Said a bit in chat but here's a webapp for closure: http://topps.diku.dk/torbenm/troll.msp.

Just click Calculate Probabilities (I feel that the default settings are fine). The output is a probability distribution (cool) with percentages along the Y (what we want).

The 3 and 6 in the default input "sum 3d6" can be changed to the desired values. First number is number of die, second number is sides per die.

If you wish to experiment with different kinds of dice, inputs such as "sum 4d6+7d3" are also acceptable. "Select User-contributed roll" has a number of fine examples of what Troll can do for you.

[OldTrees]

Nice app.


I will just summarize my results and let people use the app.
XdY has Y^X combinations
The nth lowest combination (if n <= y) has Summation_X-1 (1) from 1 to n combinations
The nth lowest combination (if n > y) has Summation_X-1 (1) from 1 to n - Summation_x-2(x) from 1 to n-Y combinations

[The_Mormegil]

Okay, though question. I've researched a bit empirically and found no easy solution, so here goes.

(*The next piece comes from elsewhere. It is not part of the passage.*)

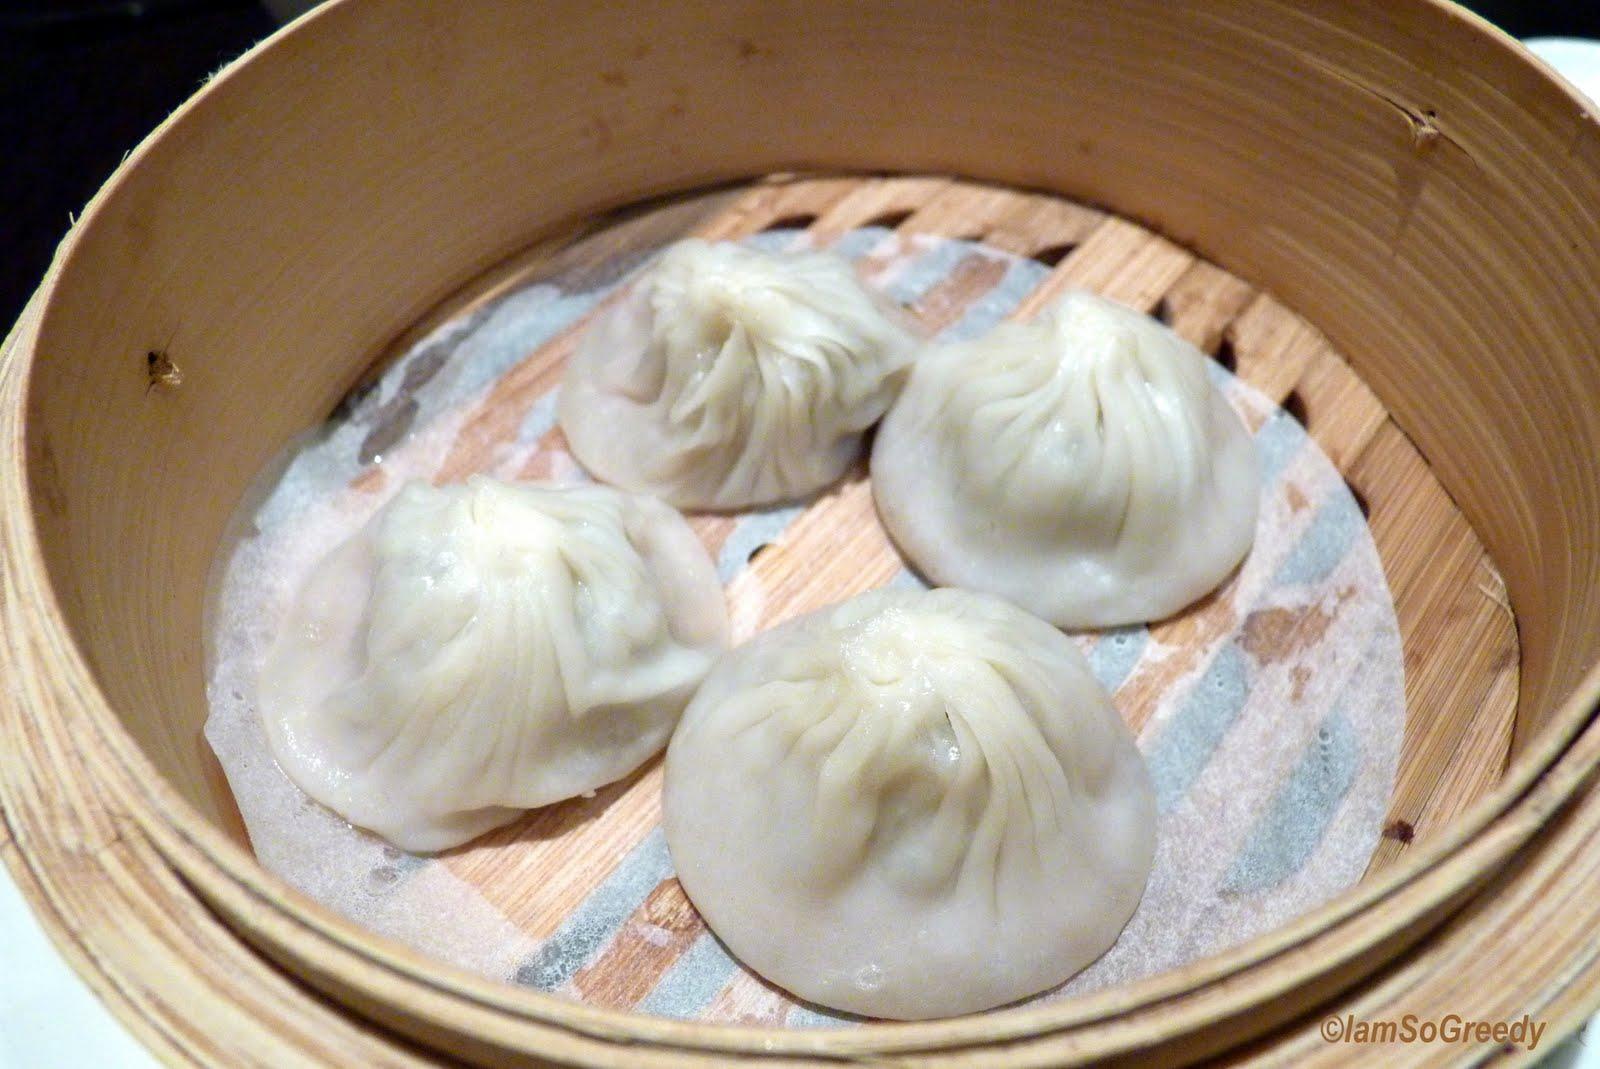 xiao long bao the xiao long bao upon being lifted up by the chopsticks ...

A guy rolls xdy (x times y-sided dices. I know that 1;3;5 ect dices don't exist, so let's supposed we somehow made dices like that that are weighted so that each side has the same chance of appearing).

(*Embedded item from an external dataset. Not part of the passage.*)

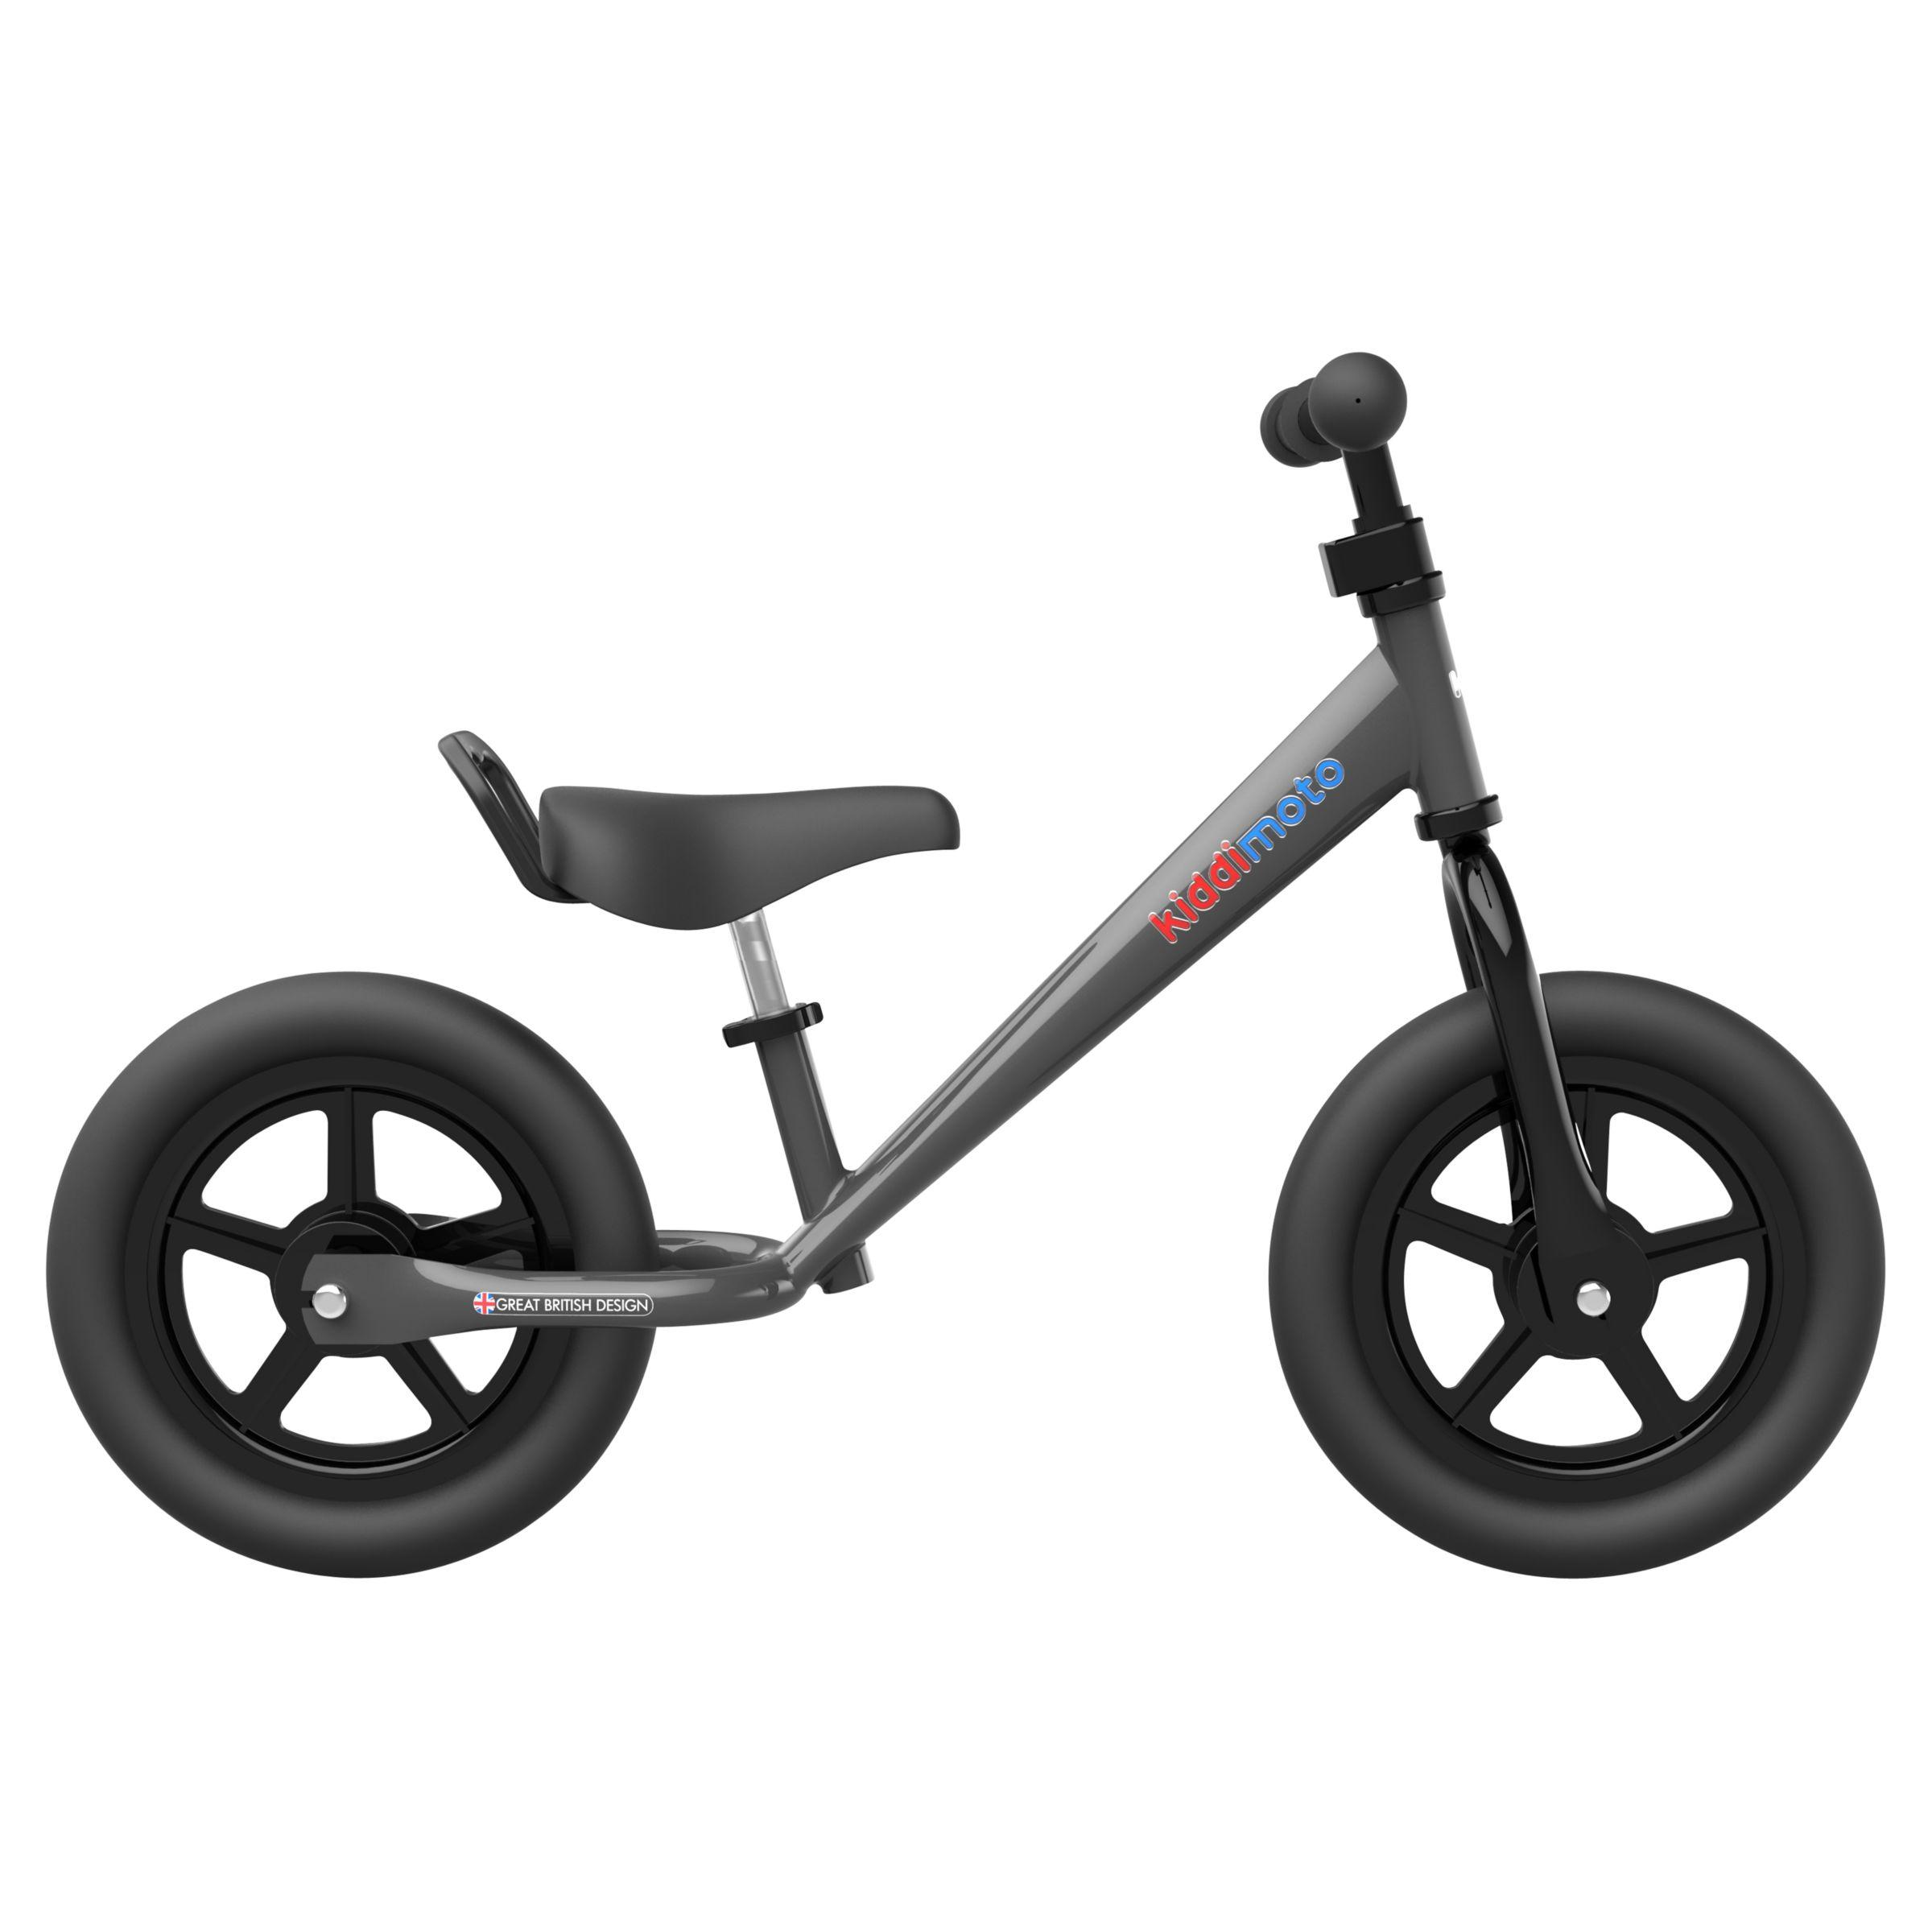 Kiddimoto Kiddimoto Super Junior Balance Bike, Black

What is the formula that, for a number n (x≤n≤xy), gives the probability of the total of the dices' sides equalling n?

Sums of random variables are usually calculated through convolution, which makes it a pain since you have x variables. The formula ought to exist, but using a computer is the best way to go for this. Unless you need just an approximation, in which case know that if x is high enough you can just do the following (estimation is pretty good even for "low" numbers, such as 30-40 dice).

P(n <= X <= m) = P(n-1/2 < X < m+1/2) ~= P( ((n-1/2) - x(y+1)/2) / (x^1/2 * (y^2-1)/12) < N(0,1) < ((m+1/2) - x(y+1)/2) / (x^1/2 * (y^2-1)/12) ) = F( ((m+1/2) - x(y+1)/2) / (x^1/2 * (y^2-1)/12) ) - F( ((n-1/2) - x(y+1)/2) / (x^1/2 * (y^2-1)/12) )

...where F is the cumulative distribution function for the normal distribution, which you find tabulated rather easily.

(Someone please doublecheck those calculations, 'cause I'm up late)


If you aren't rolling many dice, it shouldn't be too much of a pain to use convolutions. The basic idea is to sum the probability for every possible combination that nets you that particular result.

If you want to know the probability for some number of dice between, say, 5 and 30... sucks to be you, but the app seems handy.